Material for this task -
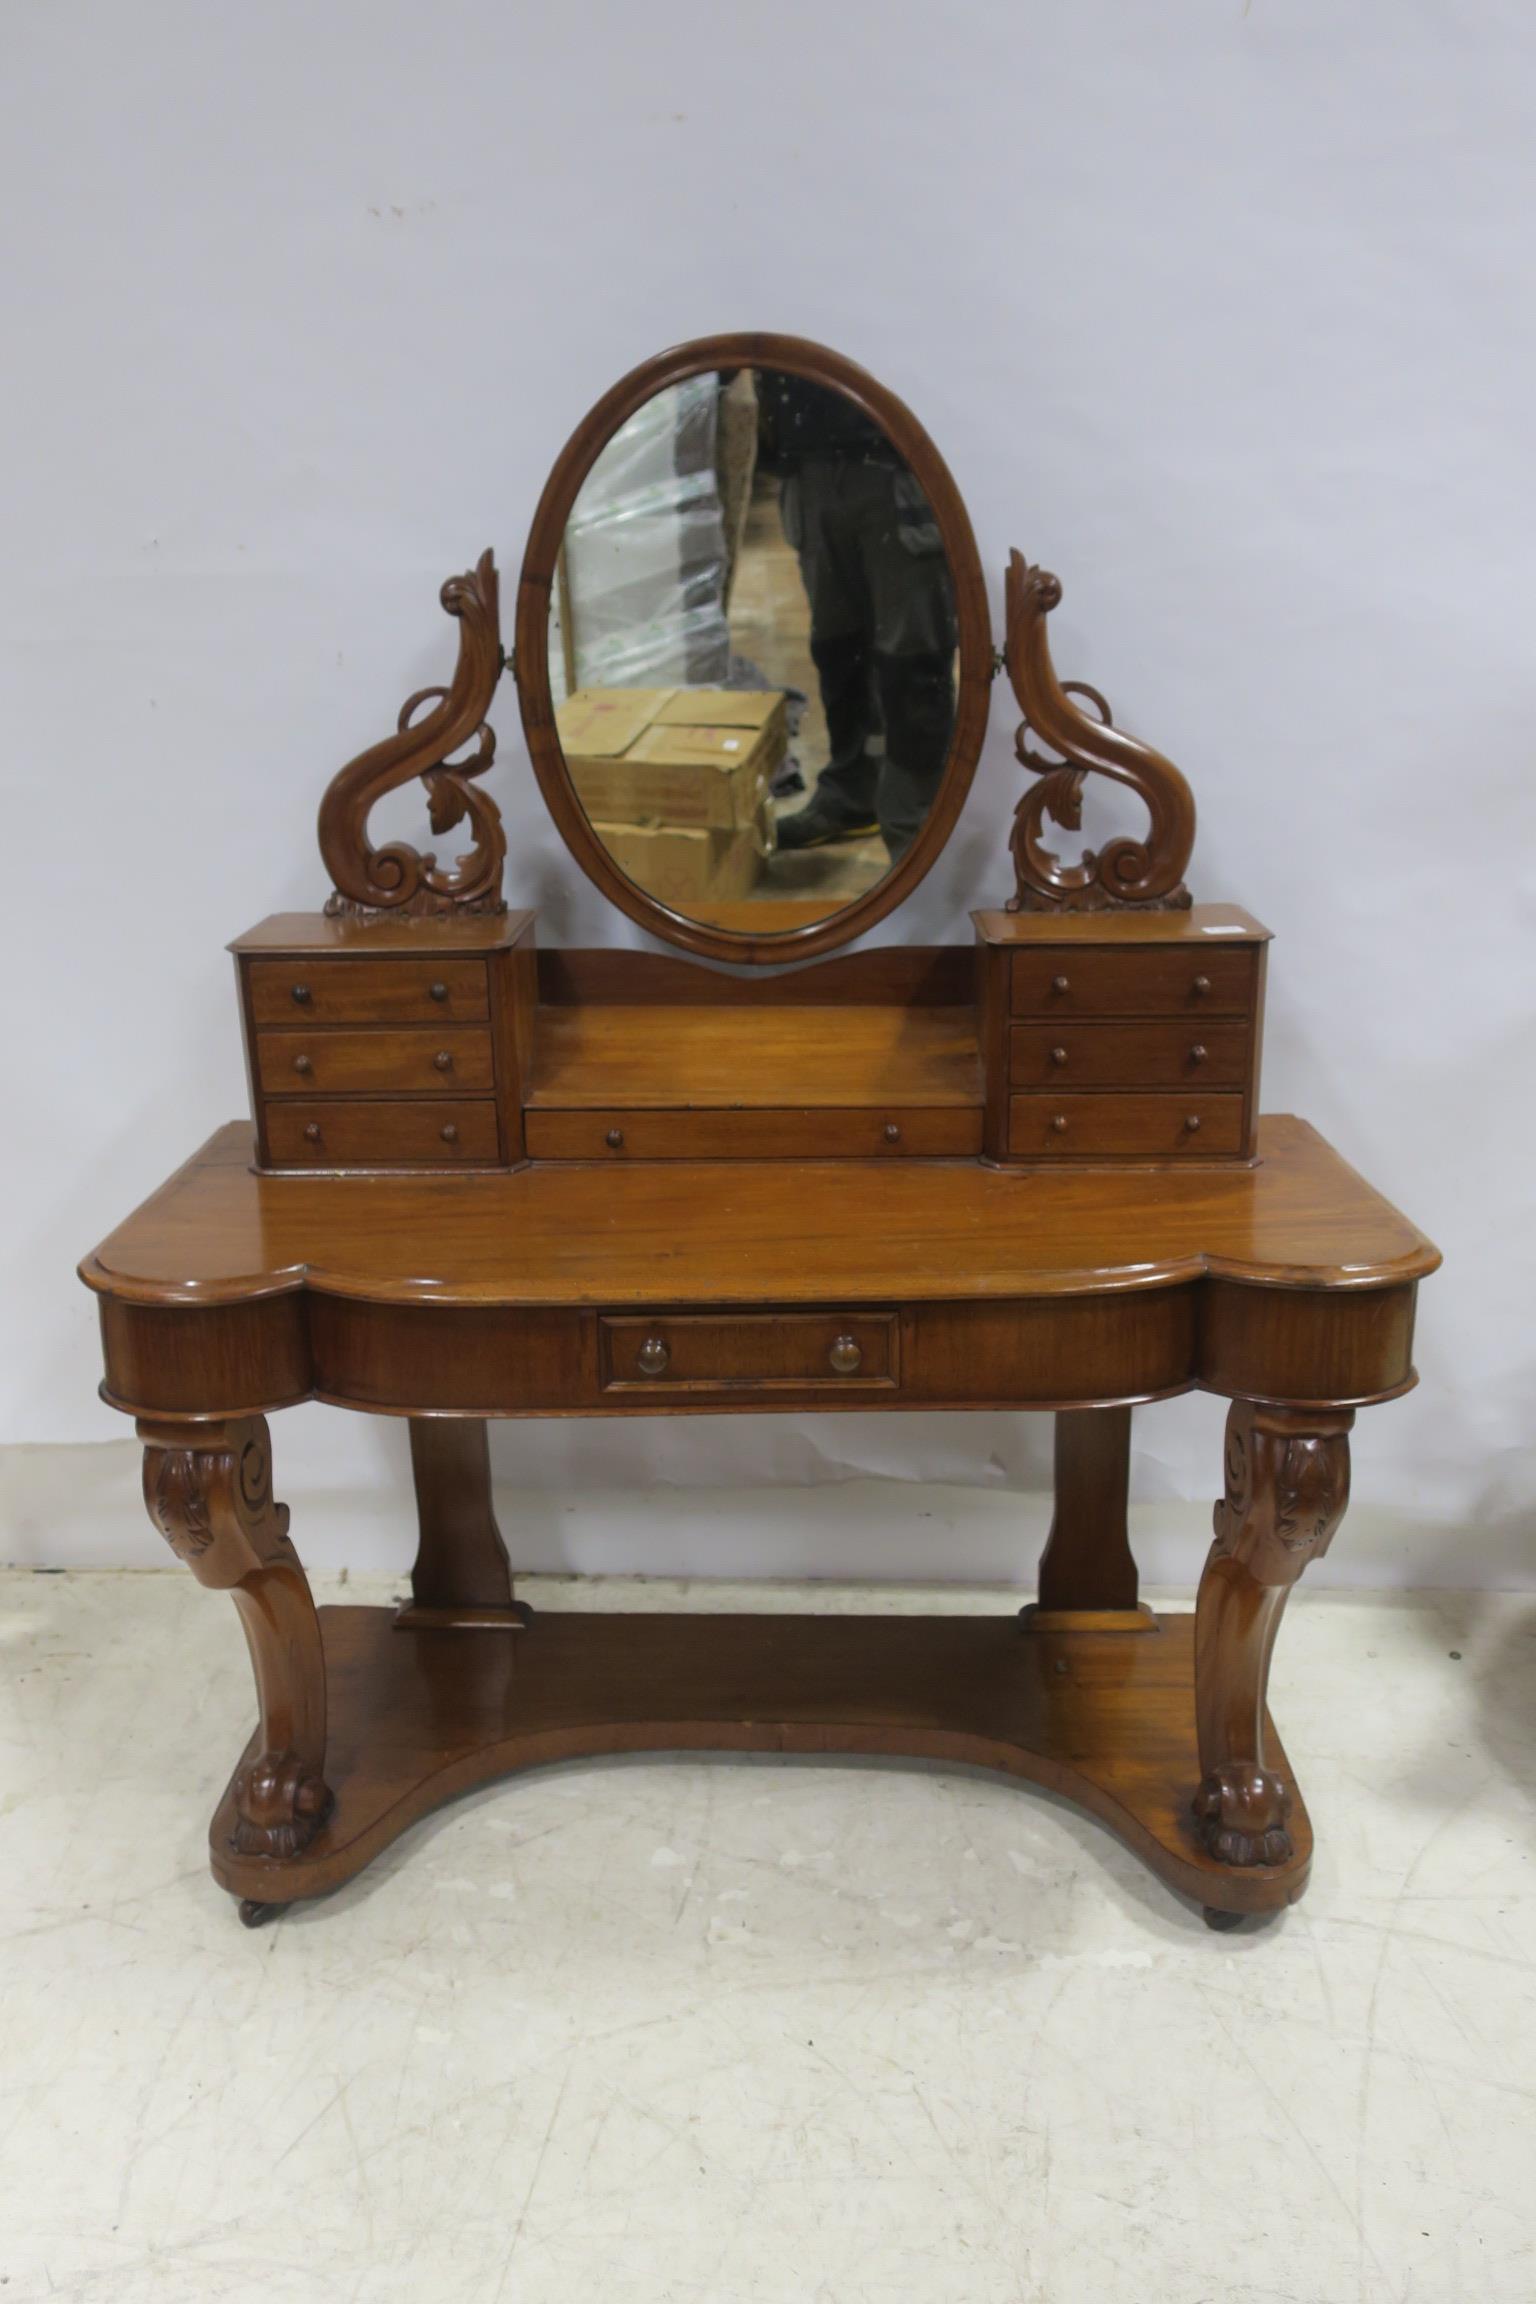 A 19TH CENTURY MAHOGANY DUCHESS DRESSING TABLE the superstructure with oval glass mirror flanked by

* * *

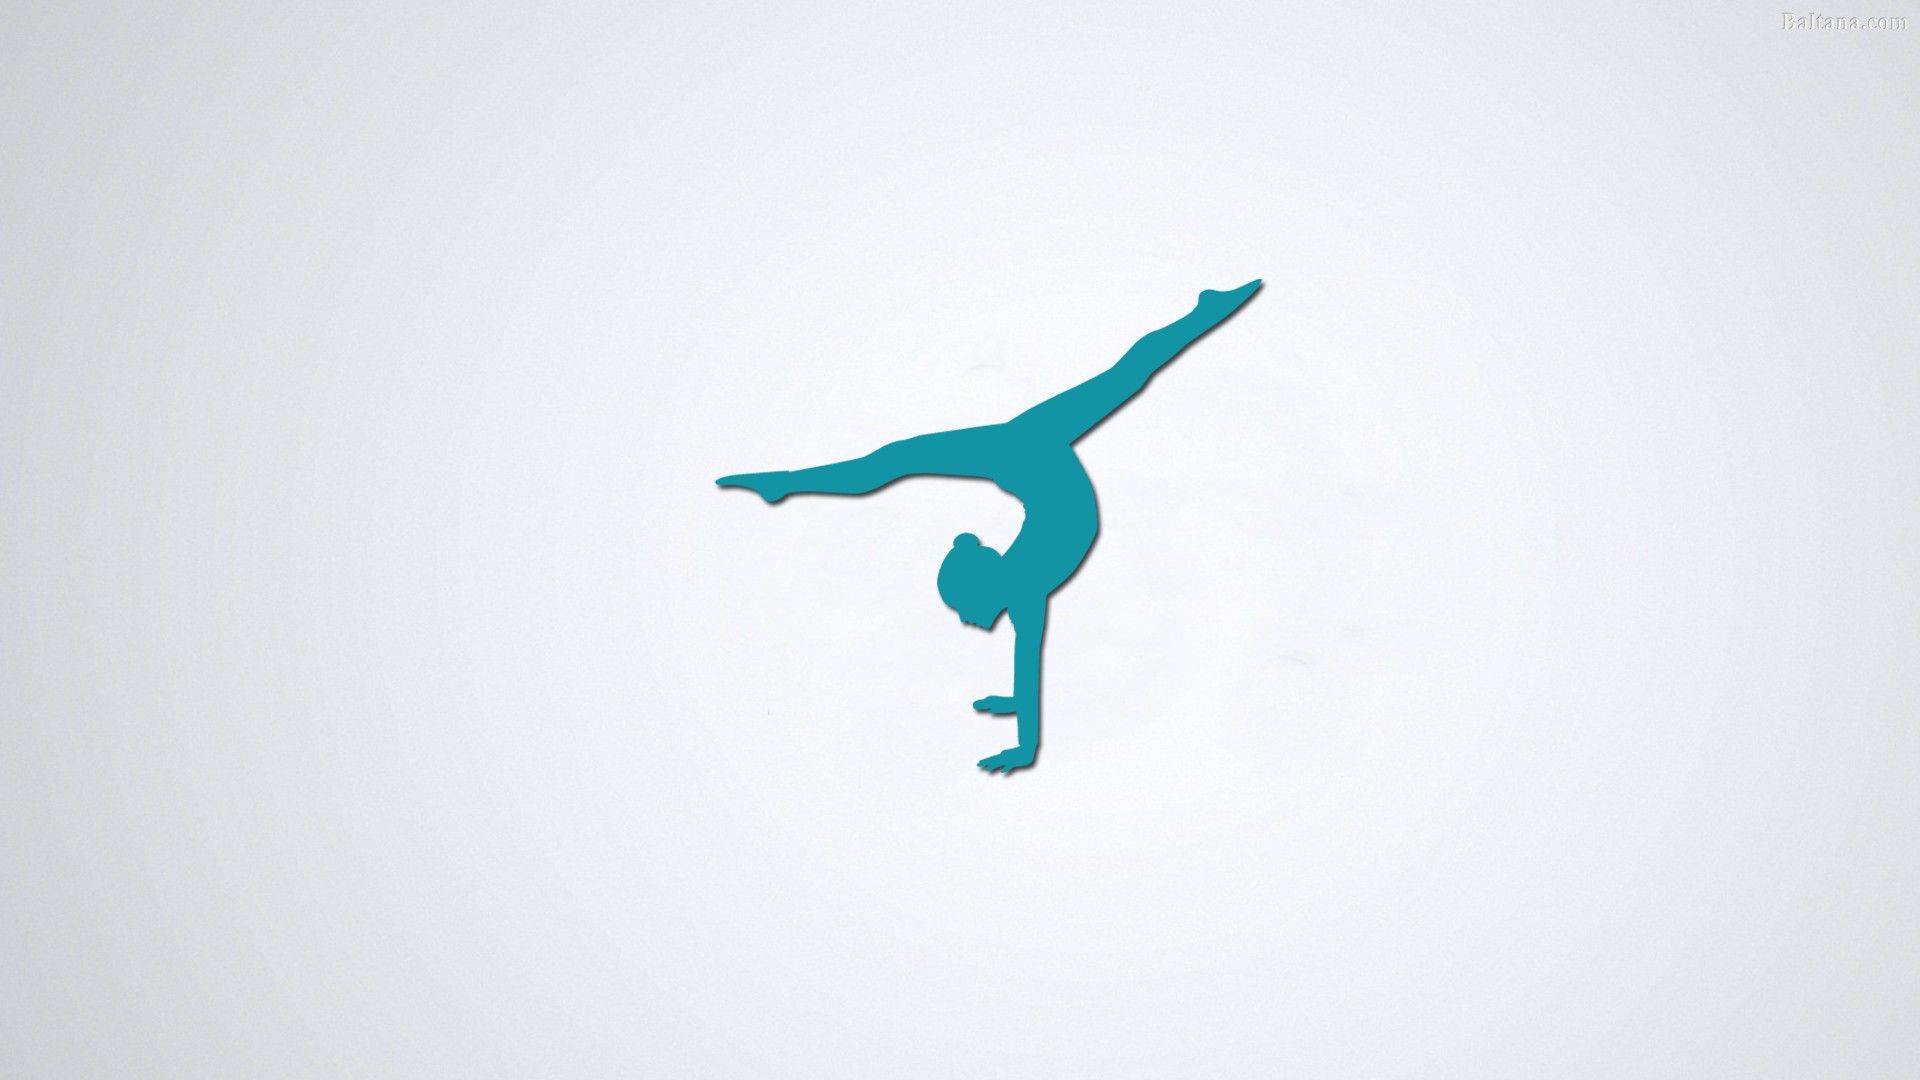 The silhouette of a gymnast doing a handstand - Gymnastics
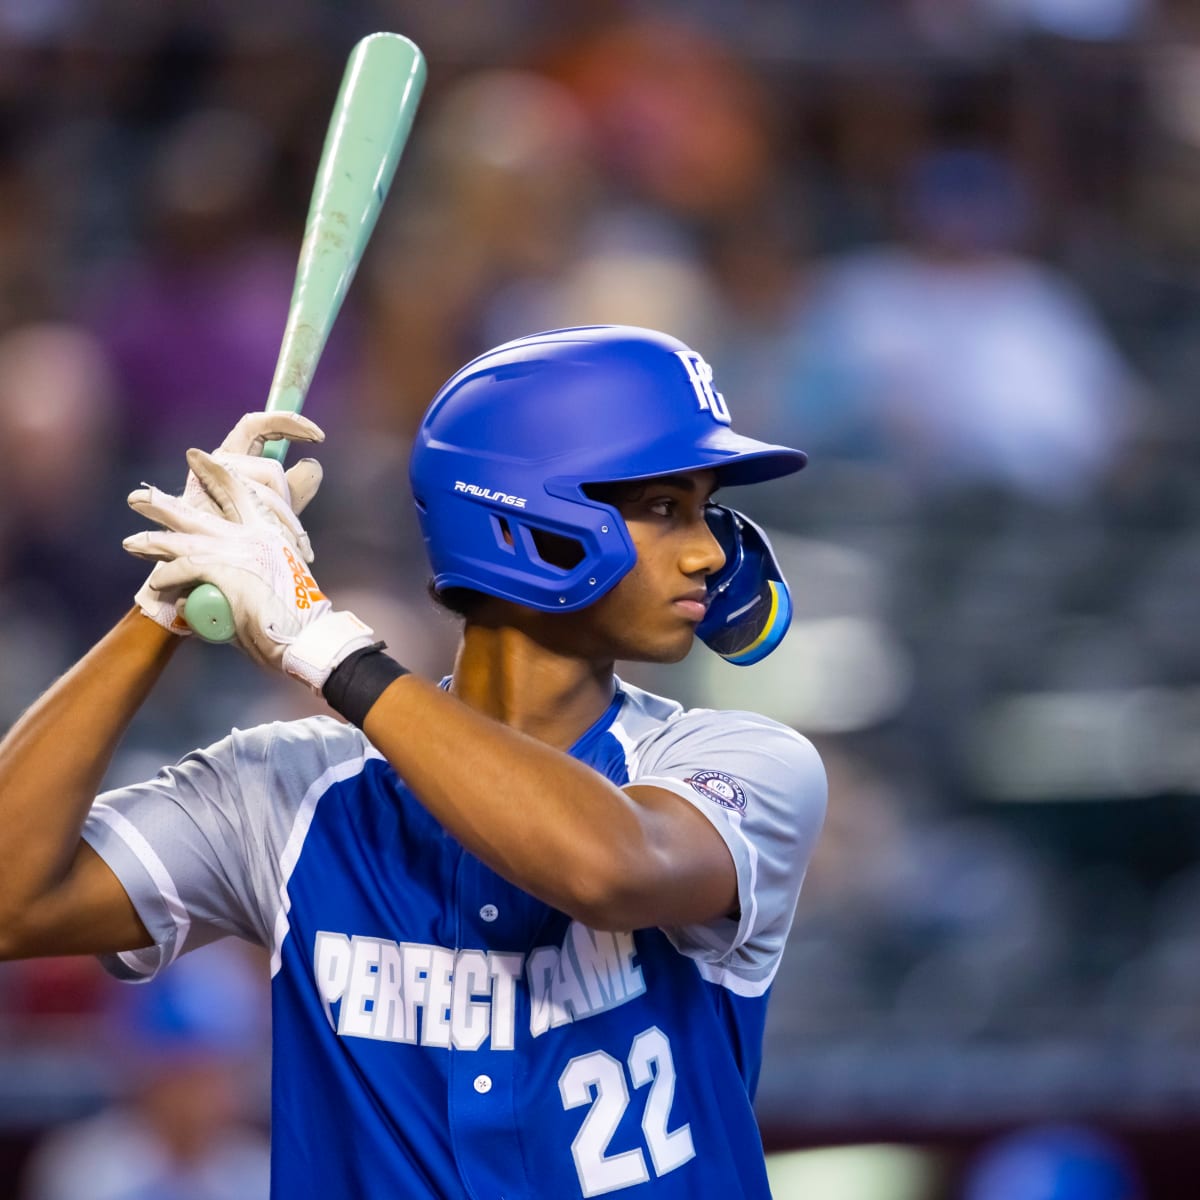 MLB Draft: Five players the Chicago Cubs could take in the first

---

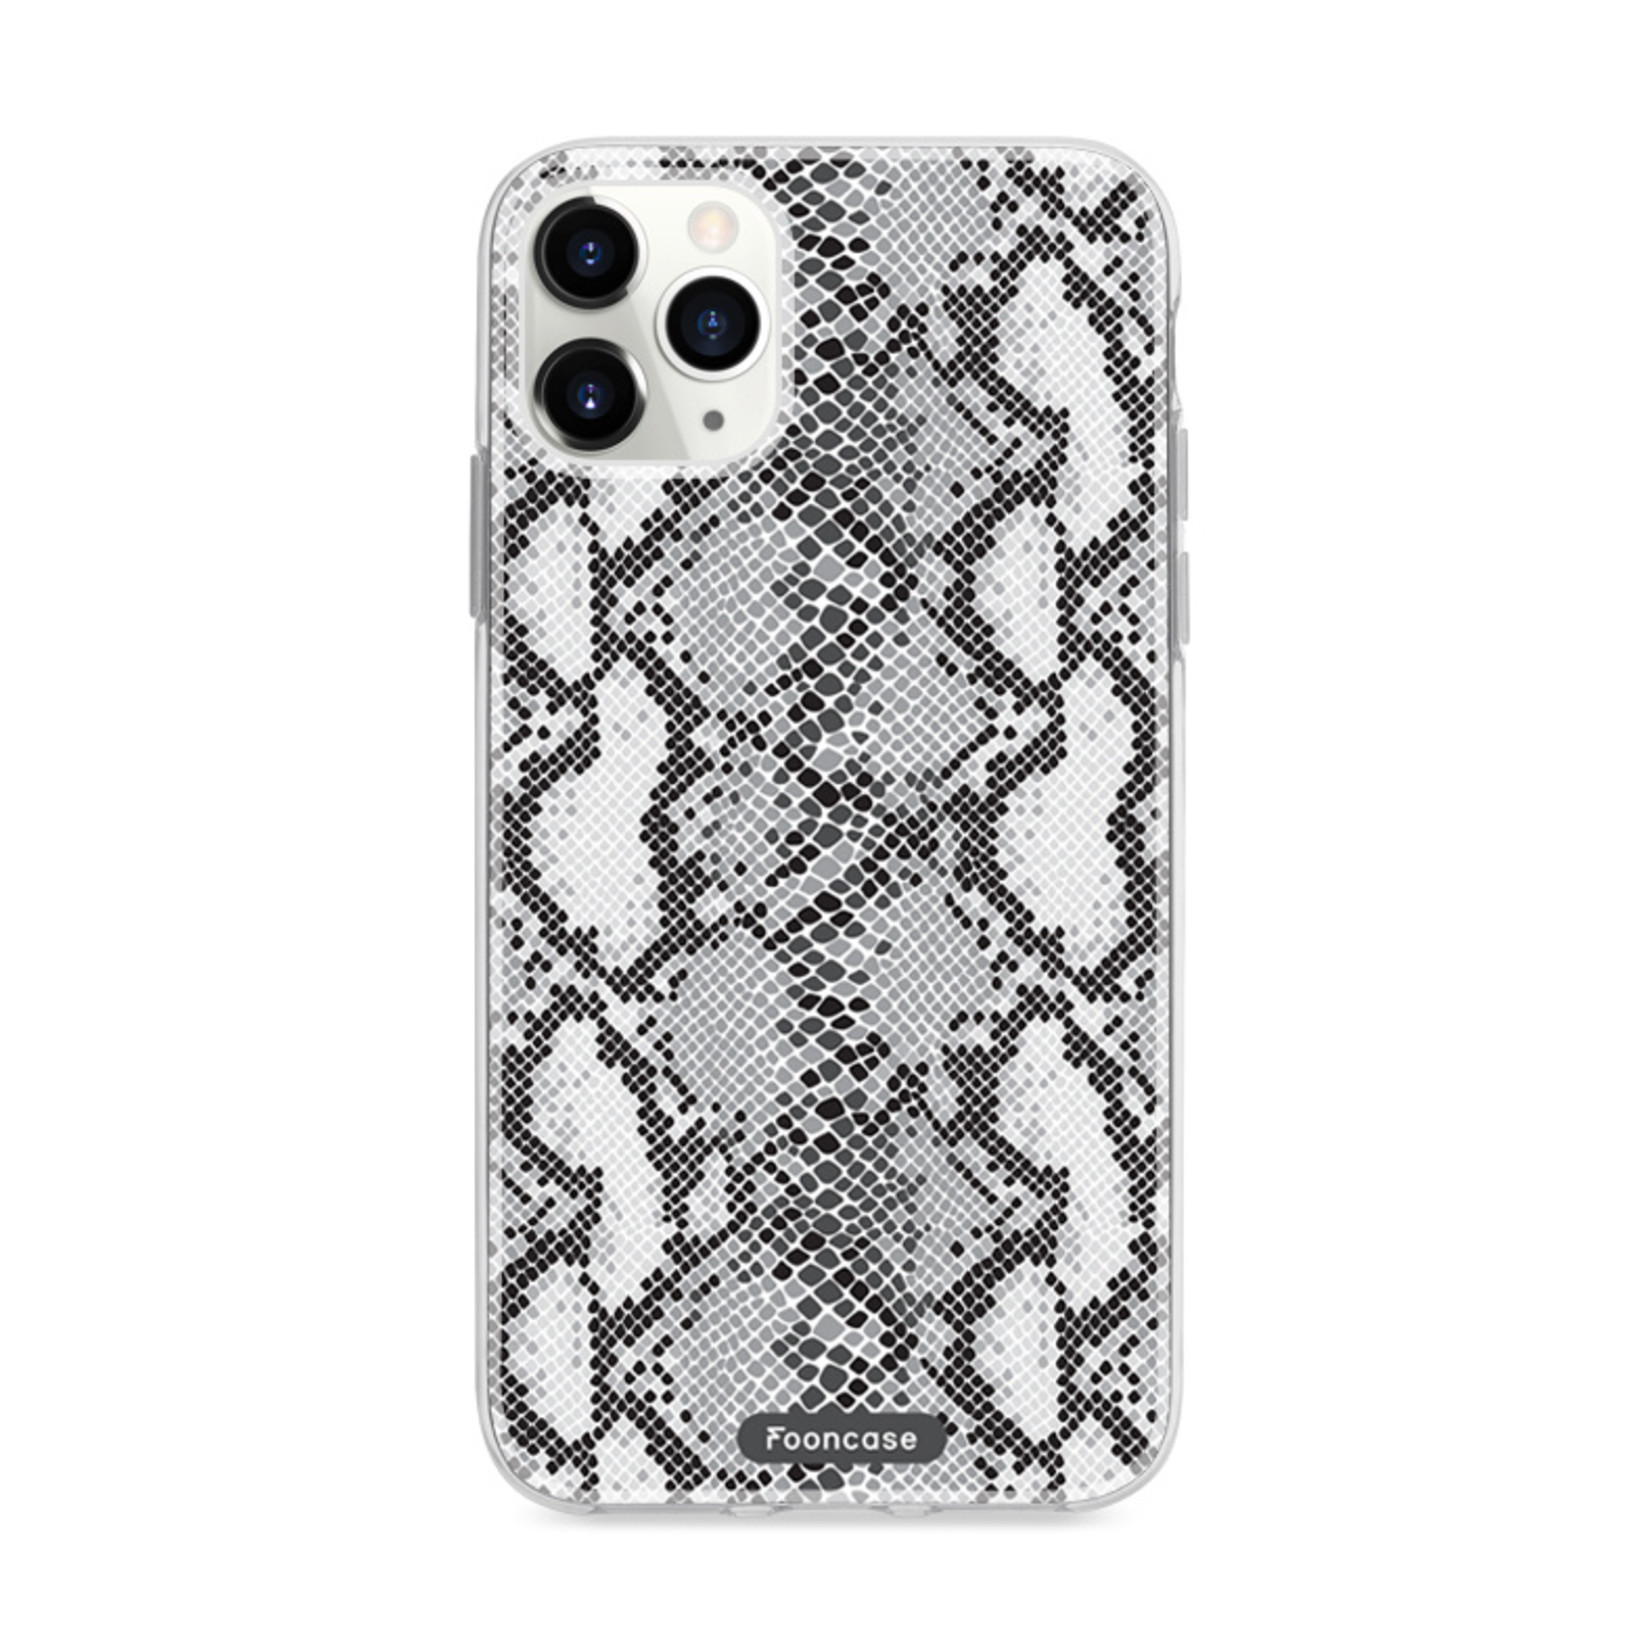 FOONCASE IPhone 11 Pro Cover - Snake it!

What you are asked to do - Above are the records. Copy word for word only their lines from the one holding "The silhouette of" through the one holding "MLB Draft: Five", both included, and skip the images.

Reply to the exercise -
 The silhouette of a gymnast doing a handstand - Gymnastics
 MLB Draft: Five players the Chicago Cubs could take in the first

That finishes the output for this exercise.